Sounds like the fish of the year on the forum. we want all the details


----------



## Chris V (Oct 18, 2007)

Killer suspense Craig. Did ya'll end up weighing her?


----------



## Xiphius (Oct 10, 2007)

*Part II aquaviva*

http://www.pensacolafishingforum.com/attachment.php?attachmentid=60937

http://www.pensacolafishingforum.com/attachment.php?attachmentid=609

http://www.pensacolafishingforum.co...404385&stc=1&d=14449554047&stc=1&d=1444955404

http://www.pensacolafishingforum.com/attachment.php?attachmentid=609401&stc=1&d=1444955404


----------



## Xiphius (Oct 10, 2007)

Well the blue nailed big nasty,a pink and blue C&H after a short strike..setting the line back up in the center rigger...Keith see's the marlin eat taking the line out of man and proceeded to greyhound and clear the water dumping half a 50#. Get nick strapped in and the fish sounds taking another quarter spool down and almost pulling the kid in, he was dry heaving.

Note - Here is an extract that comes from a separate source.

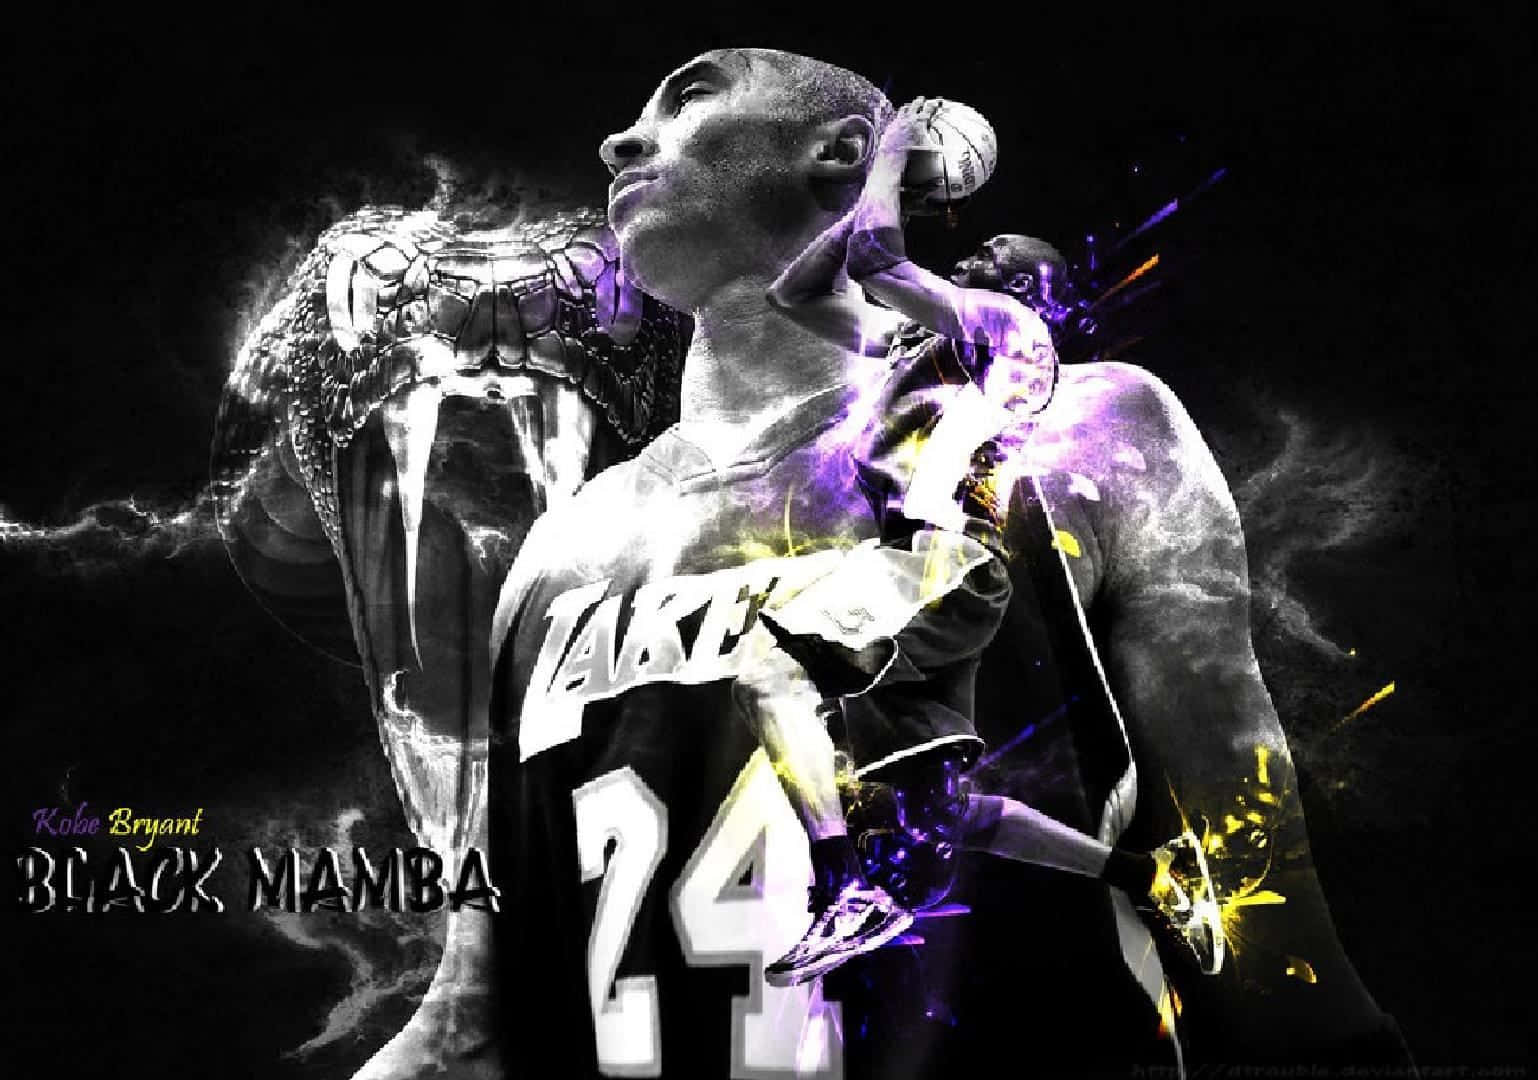 "Live Life to its Fullest with Mamba Out" Wallpaper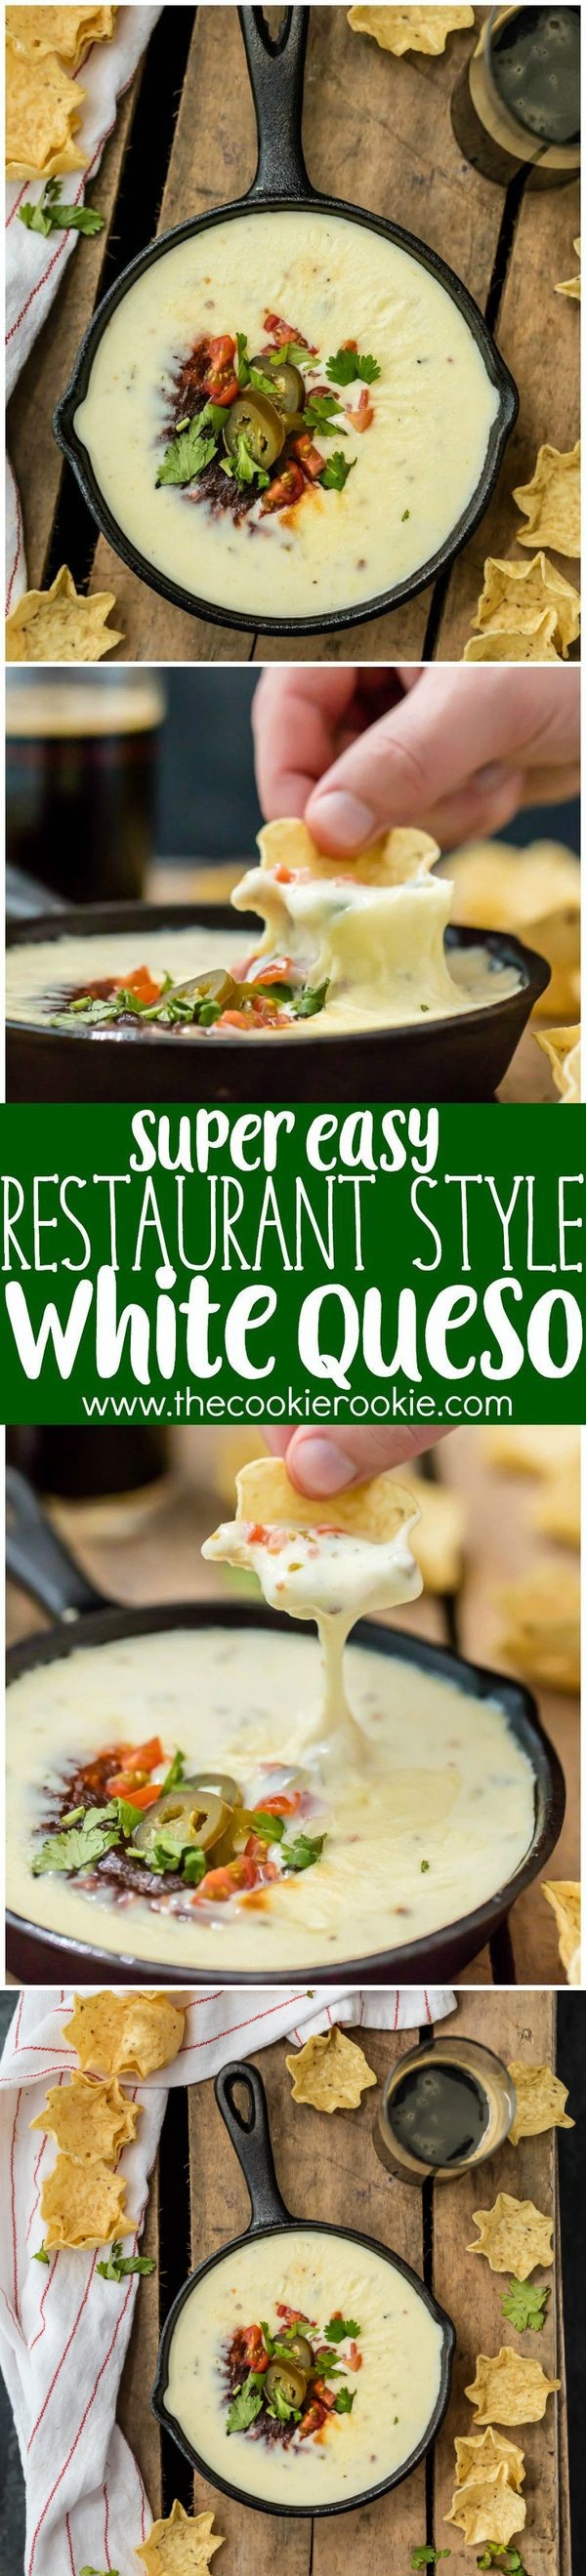 Easy Restaurant Style White Queso

I took over and bumped the drag up and Keith and I knew the fish was committing suicide, and we were in for it to get this fish to the surface.I tapped and Keith spent the next hour and a half in low gear gaining by rocking the boat and winding when the boat dipped down. Fish came up tail wrapped and stiff. Sad but not much we could have done other than fishing heavy tackle. Kids jumped in.Born to run offered assistance ...offered a saw to get the bill but we declined and let the fish sink back into the food web. Ran home in flat calm glassy seas.. Lots of fish were caught. Great trip! and most boats did well


----------



## Bluewater Report (Jul 14, 2014)

Awesome fish. Sorry you couldn't let her go alive.


----------



## KBGAub (Aug 19, 2012)

Great trip! Sorry to hear about the tail wrap, but it happens. 

DH in the background?


----------



## Dynamic (Oct 3, 2007)

Awesome awesome awesome!!!!.....Good Job getting those kids on some real fish!!!!


----------